*ACTION ITEM*
Extract the records in full, leaving every picture out.

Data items
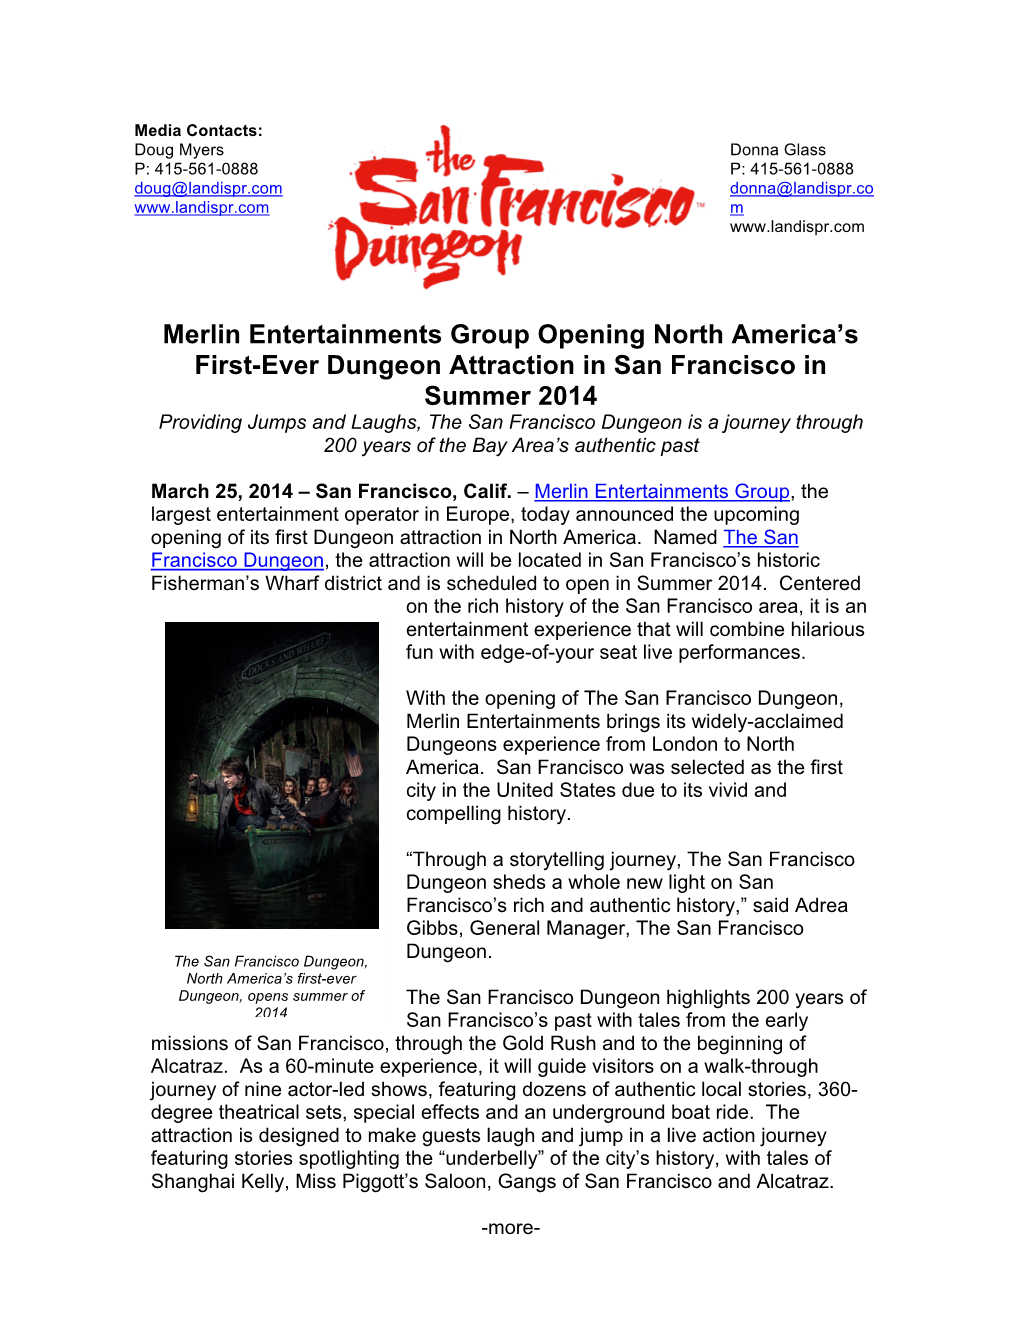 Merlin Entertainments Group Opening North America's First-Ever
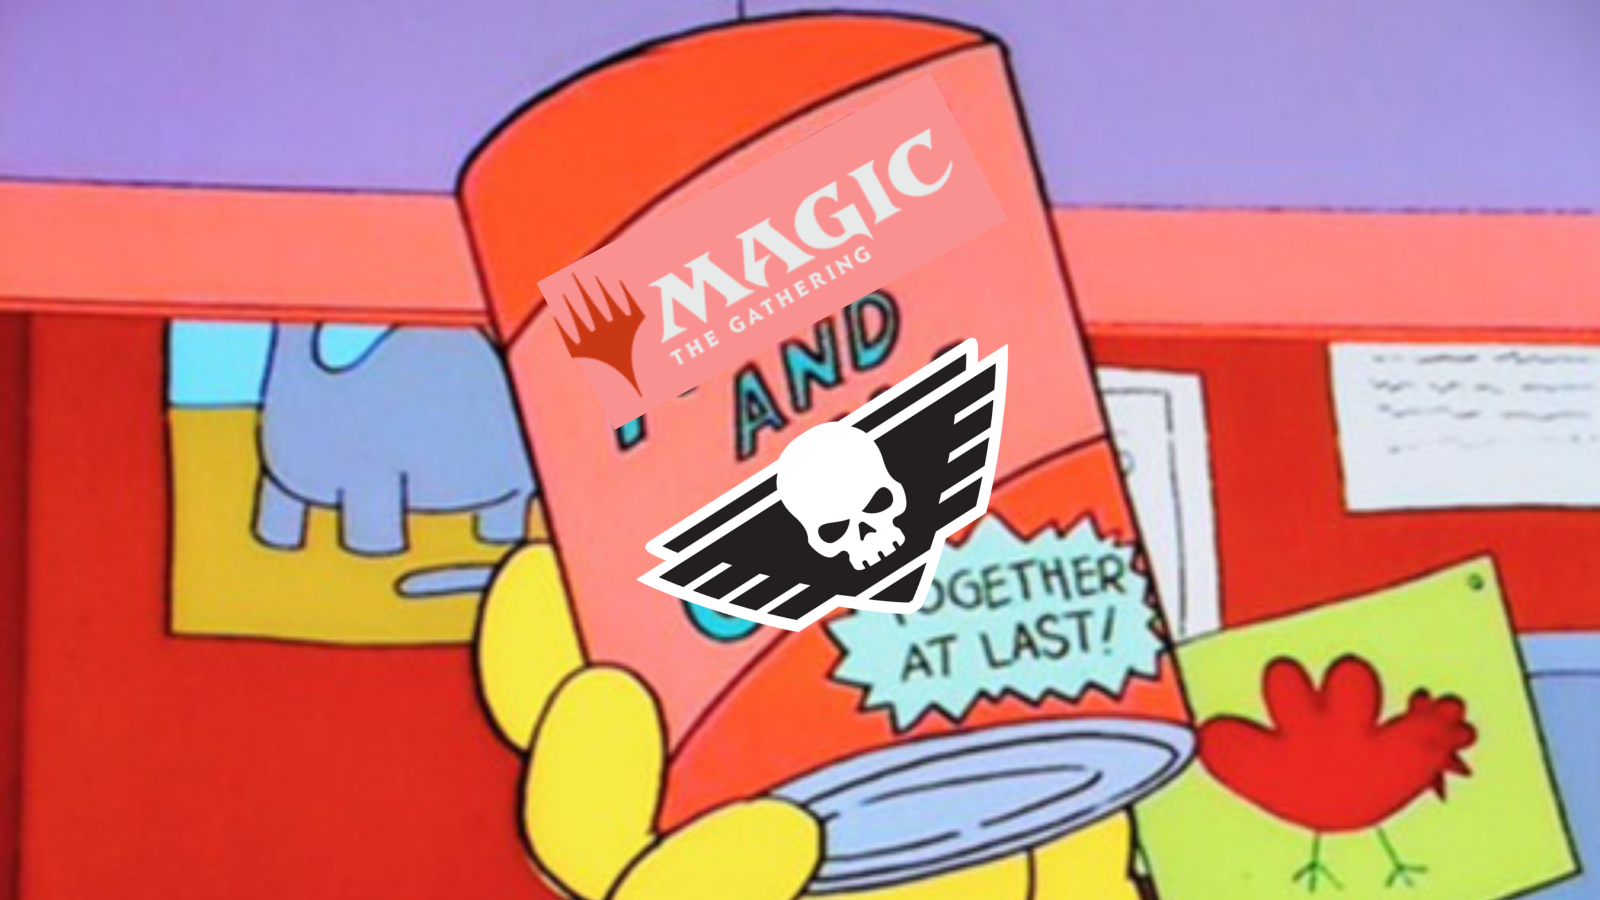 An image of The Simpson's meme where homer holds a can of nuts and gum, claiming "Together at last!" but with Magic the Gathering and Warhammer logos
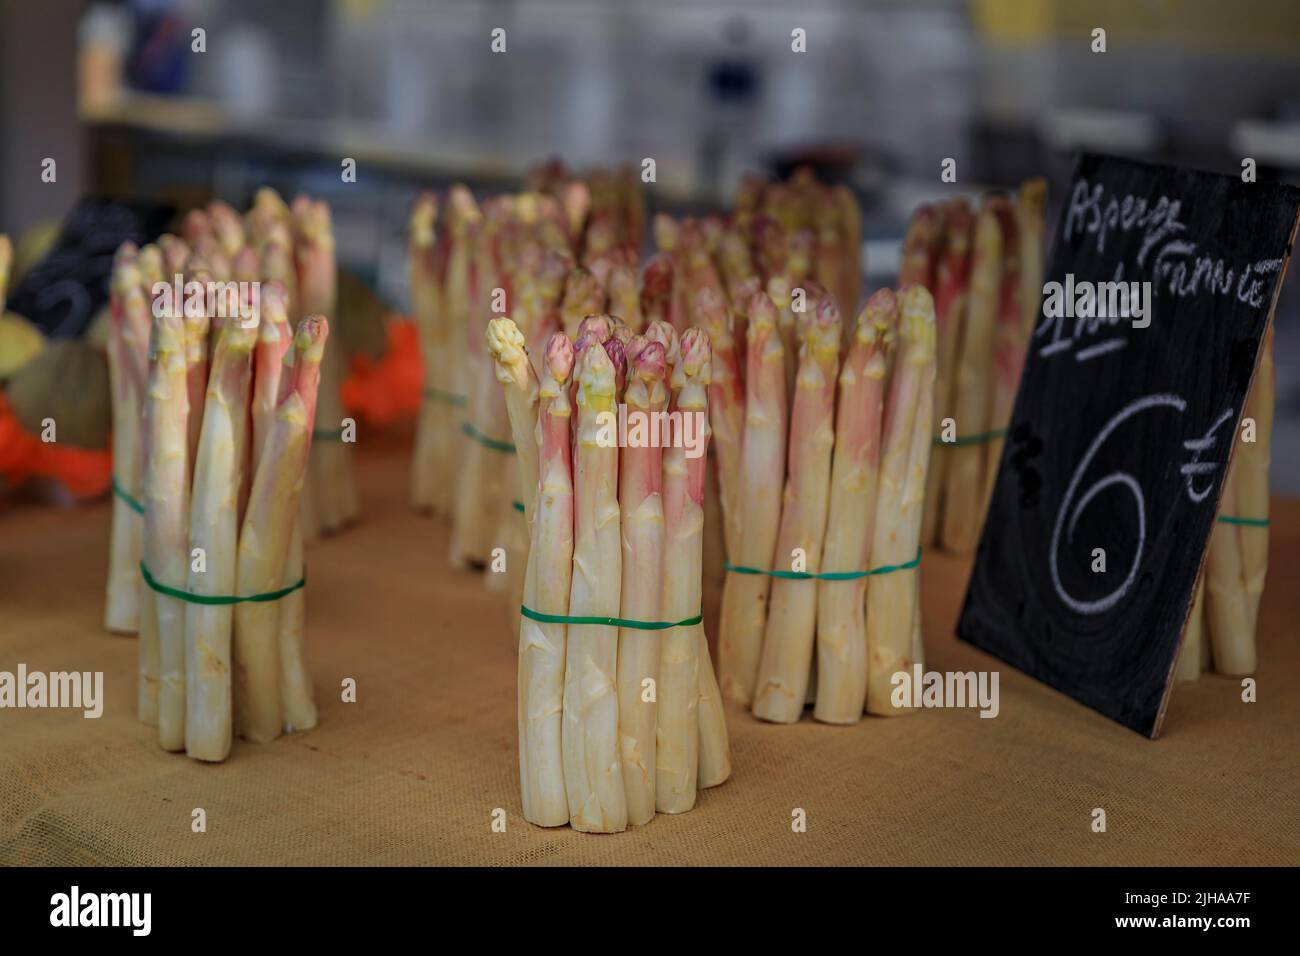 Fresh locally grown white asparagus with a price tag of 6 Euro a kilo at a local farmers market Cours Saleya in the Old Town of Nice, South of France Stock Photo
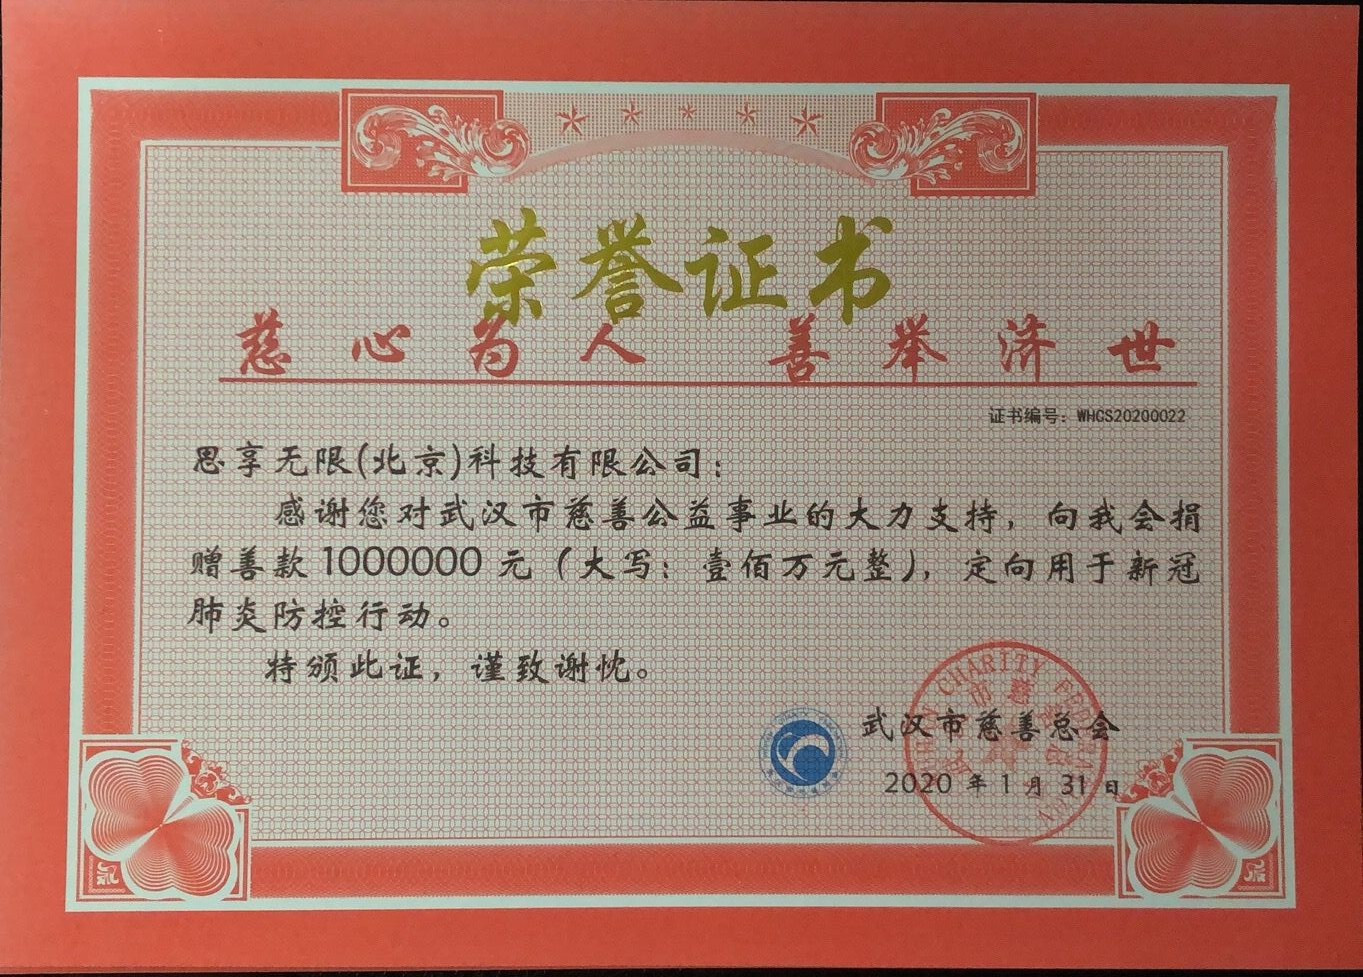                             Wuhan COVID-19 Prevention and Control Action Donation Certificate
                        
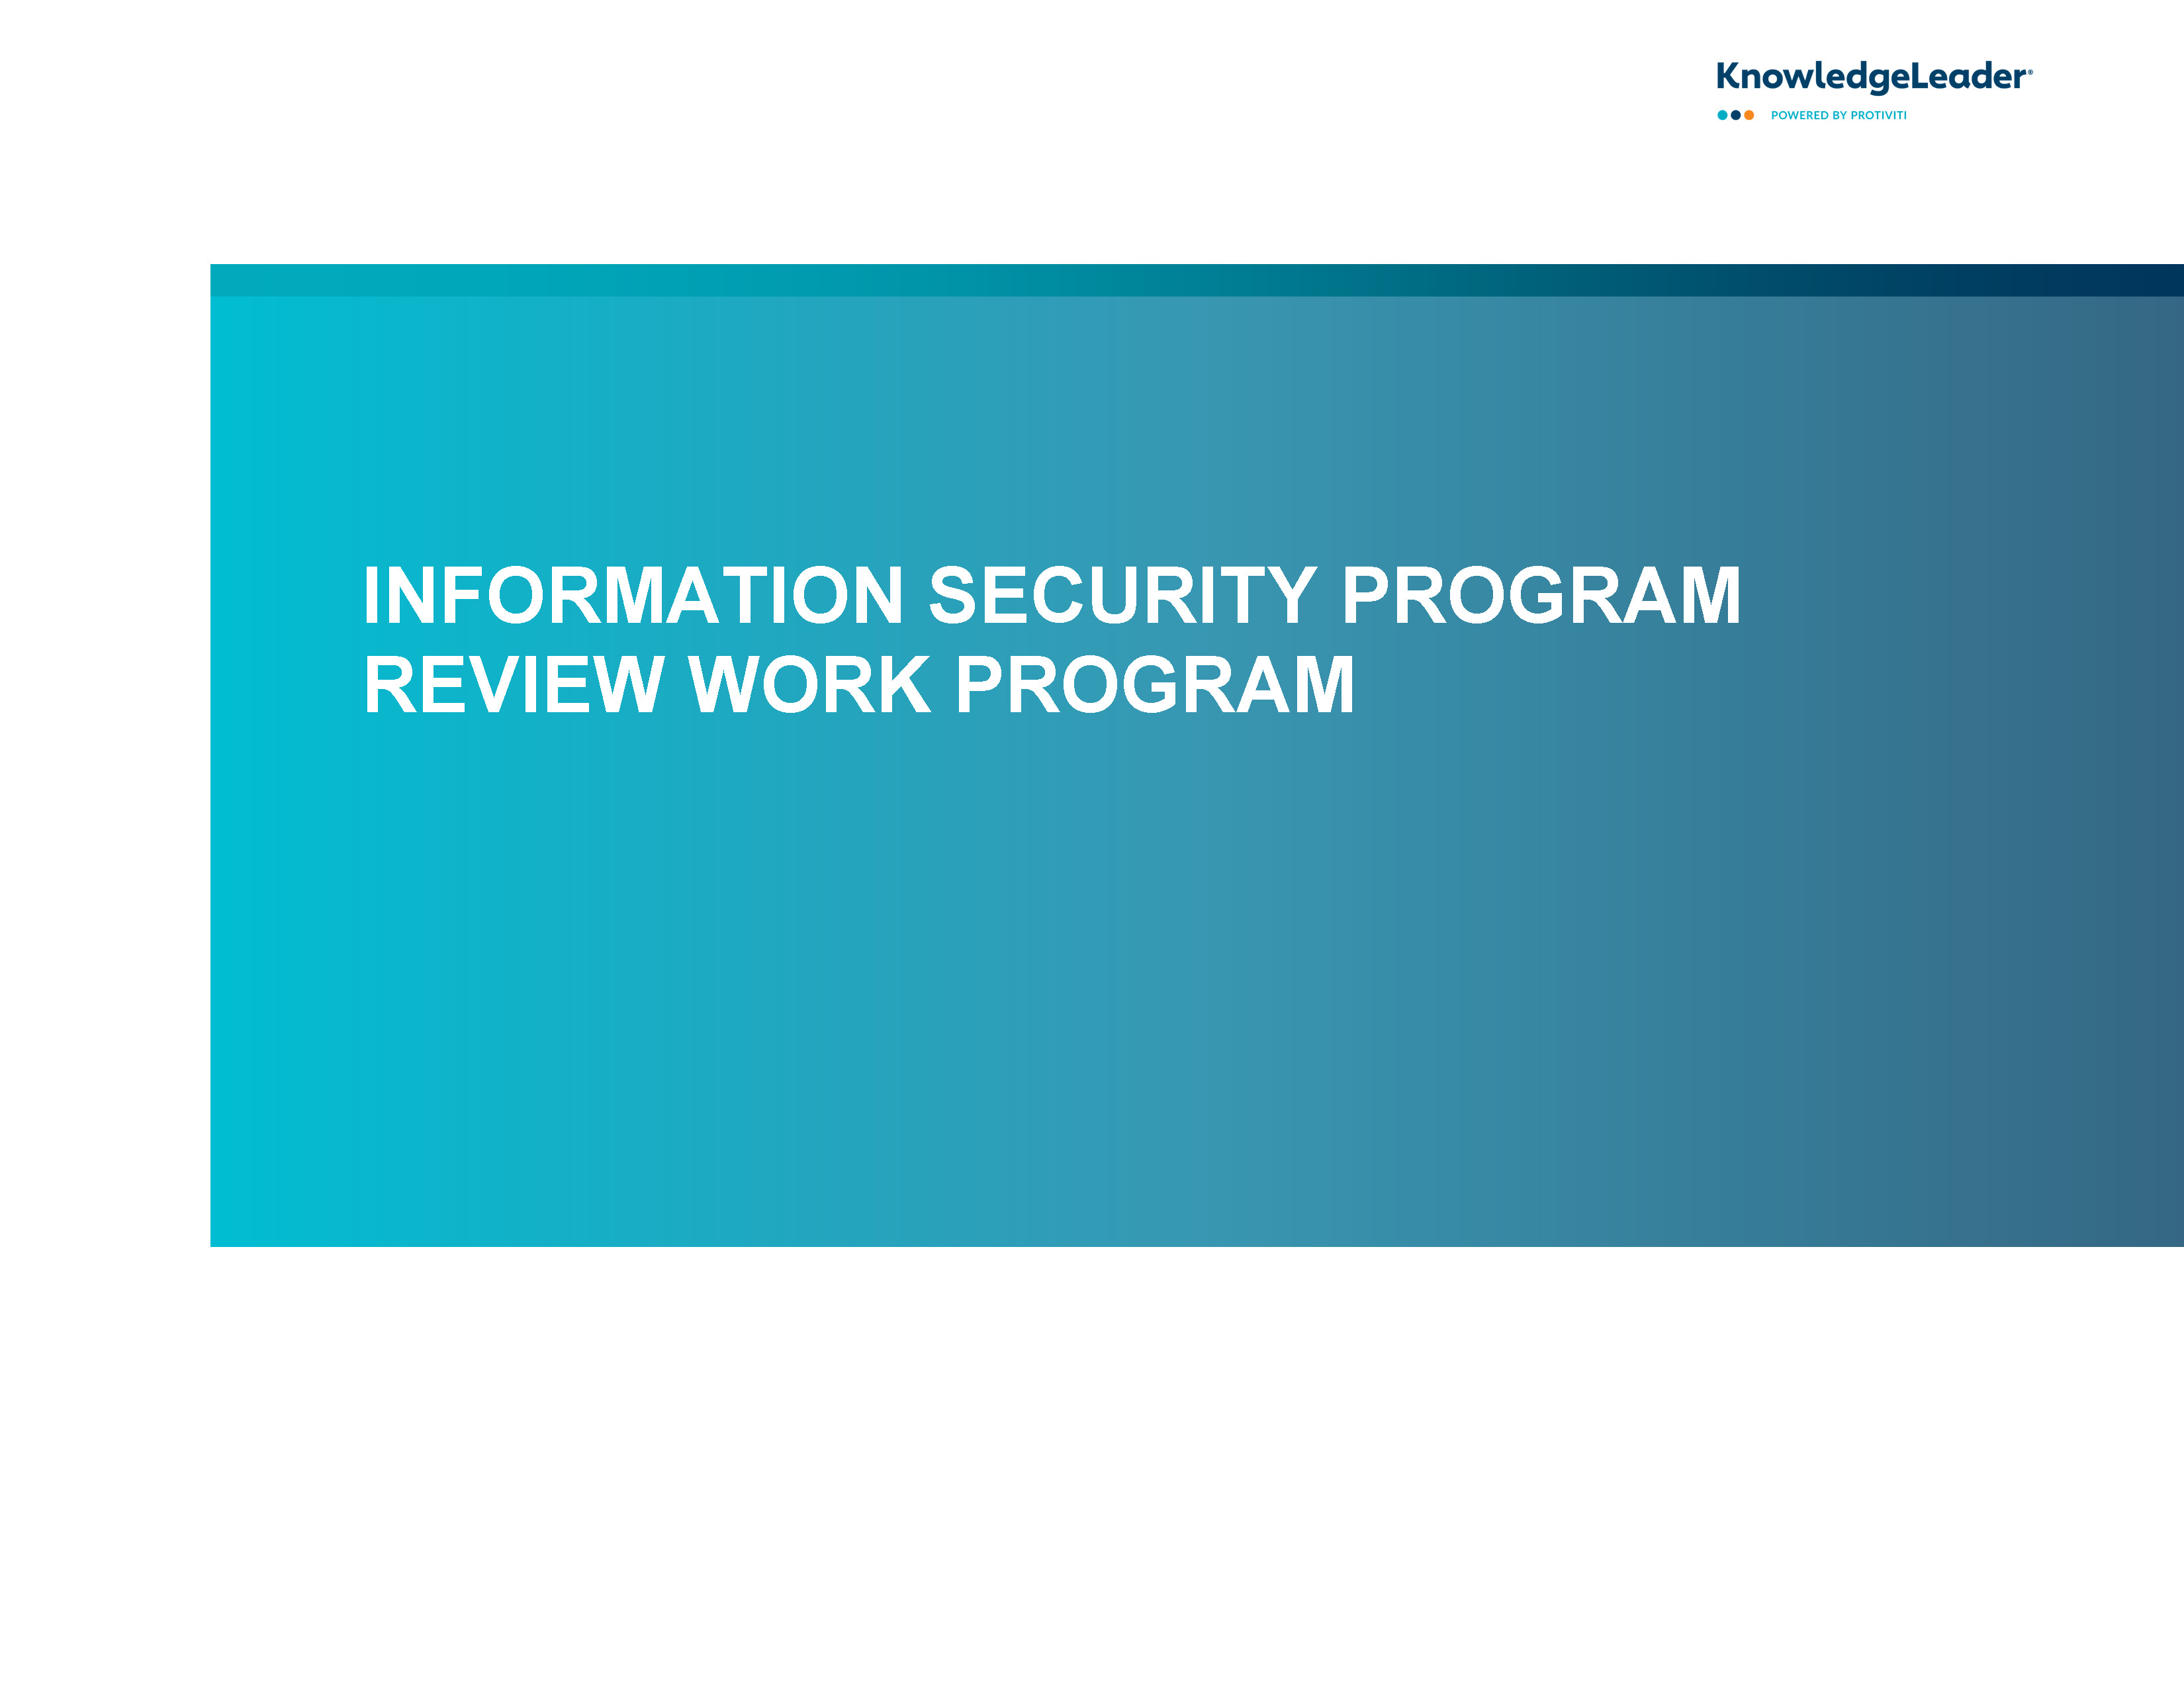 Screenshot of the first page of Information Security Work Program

*PROBLEM SOLUTION*
 Merlin Entertainments Group Opening North America's First-Ever
 An image of The Simpson's meme where homer holds a can of nuts and gum, claiming "Together at last!" but with Magic the Gathering and Warhammer logos
 Fresh locally grown white asparagus with a price tag of 6 Euro a kilo at a local farmers market Cours Saleya in the Old Town of Nice, South of France Stock Photo
                             Wuhan COVID-19 Prevention and Control Action Donation Certificate
                        
 Screenshot of the first page of Information Security Work Program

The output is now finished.